Contemporary criticism of gaming is often exaggerated and misleading, as are the lazily recalled scenes of kids playing kick the can for hours in serene streets, watched over by a kind hearted elderly neighbour.

Moreover, there is plenty of research to suggest a series of incidental benefits for moderate users of non-violent games.

For example, if video games are competing with TV and DVDs for screen time then they likely to represent a more positive experience, with an Australian report showing that active screen time (both physically and cognitively active) significantly outweighs the benefits of passive screen time. Furthermore, several studies have shown that video game play can improve a wide range of skills and capabilities, such as visual and spatial skills [5].

But, its becoming clear that we can go further than these subtle, modest benefits and build significant, transformative outcomes into games that are loved and played by massive mainstream audiences, particularly amongst young people.

Compelling video games are incredibly powerful vehicles for positive behaviour change and social progress and, over the next few years, we’re going to see more of this potential realised.

Many of the same trends and influences that make up this positive potential are the same as those that provide the potential for damage: vast and growing amounts of time spent playing them, a uniquely captivating environment and emerging technology that is enabling deeper physical, psychological and social immersion.

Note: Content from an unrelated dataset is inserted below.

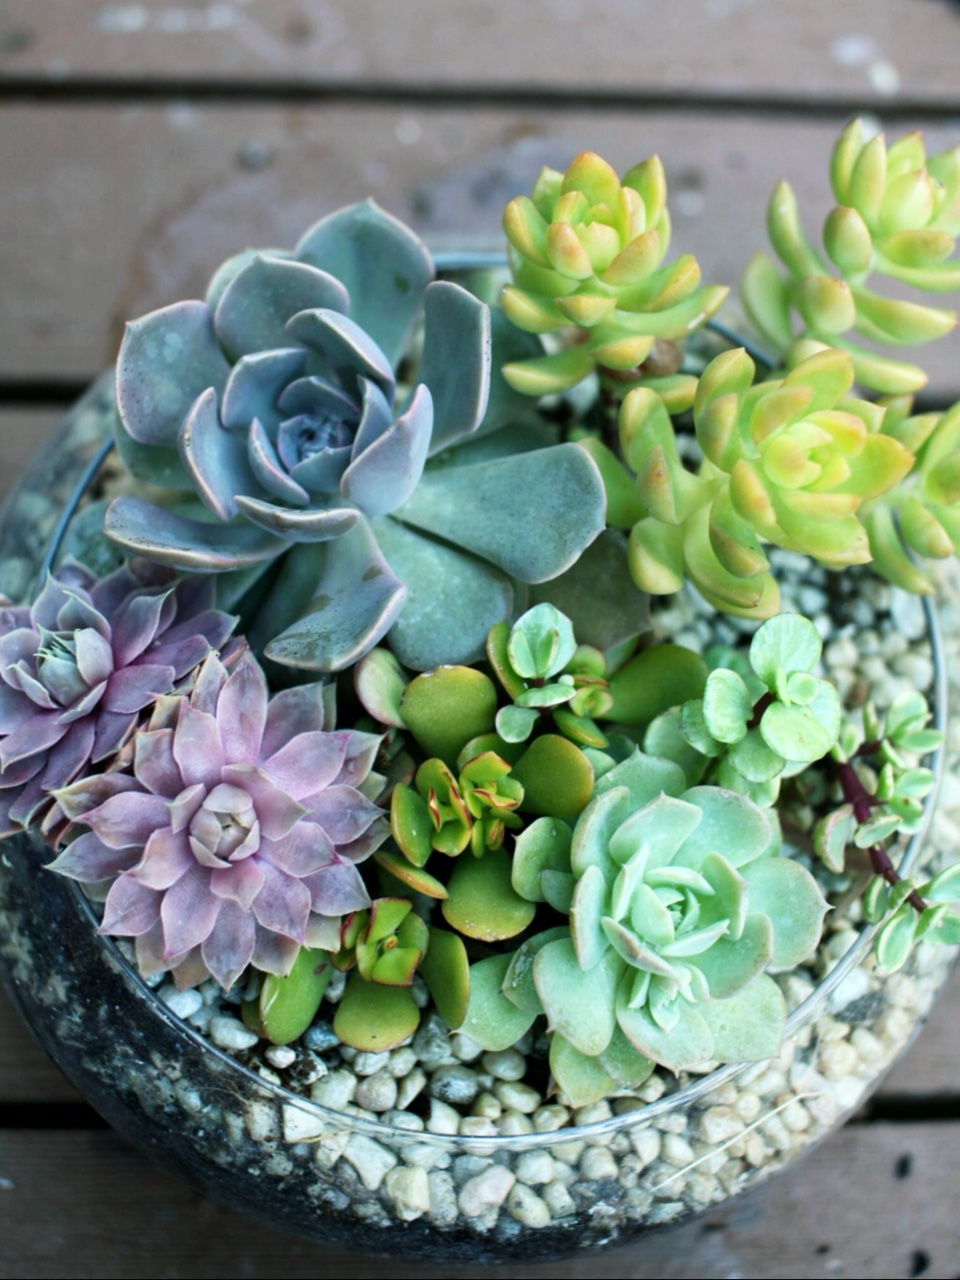 Plant Night Diy Succulent Garden Dish Saratoga Paint And Sip Studio

On the question of time, it is estimated that 3 billion hours a week of gaming takes place globally and 5-15 year olds in the UK are each contributing an average of 8.7 hours a week to that. Just a small part of that time, every week, throughout childhood, could be harnessed to foster important behaviours and establish habits and capabilities that extrapolate to everyday life and last a lifetime. The 10,000 hours rule of deliberate practice, informed by Anders Ericsson’s research and popularised in Malcolm Gladwell’s Outliers, couldn’t find a much better home than video game playing, particularly if we innovate to embed more progressive regular activities in games.

On the captivating effect of video games, Jane McGonigal, in her wonderful TED talk in 2010, describes the effect of “positive stress”, which engenders an urgent personal motivation that differs from “negative stress”, where we are pushed into something that someone else wants us to do. McGonigal vividly illustrates the effect of this game world, where we become “the best version of ourselves, the most likely to persist, the most likely to help others.” Even without McGonigal’s evangelism, it is clear that the emotional immersion and total concentration that comes with playing a compelling game represents a uniquely powerful environment for introducing new behaviours and habits.

As for emerging immersive technology, there is a lot to choose from.

The motion sensor controls launched by the Nintendo Wii in 2006 provided the starting point for making physical movement a bigger part of more games, with the Microsoft Xbox Kinect allowing the removal of a control completely in some games. This has obvious benefits for physical activity and research suggests that active games, like Dance Dance Revolution can “increase energy expenditure and time spent in physical activity, as well as increase preference for physical activity among players” [6,7].

The growth of live gaming, supported by built-in wifi for consoles and headsets to support live interaction and collaboration, provides the potential for more prosocial benefits. Evidence suggests that when playing prosocial games, there is an increase in prosocial thoughts, enhancements to empathy and a promotion of helping behaviours, which transfer beyond the gaming environment and can be sustained [8,9].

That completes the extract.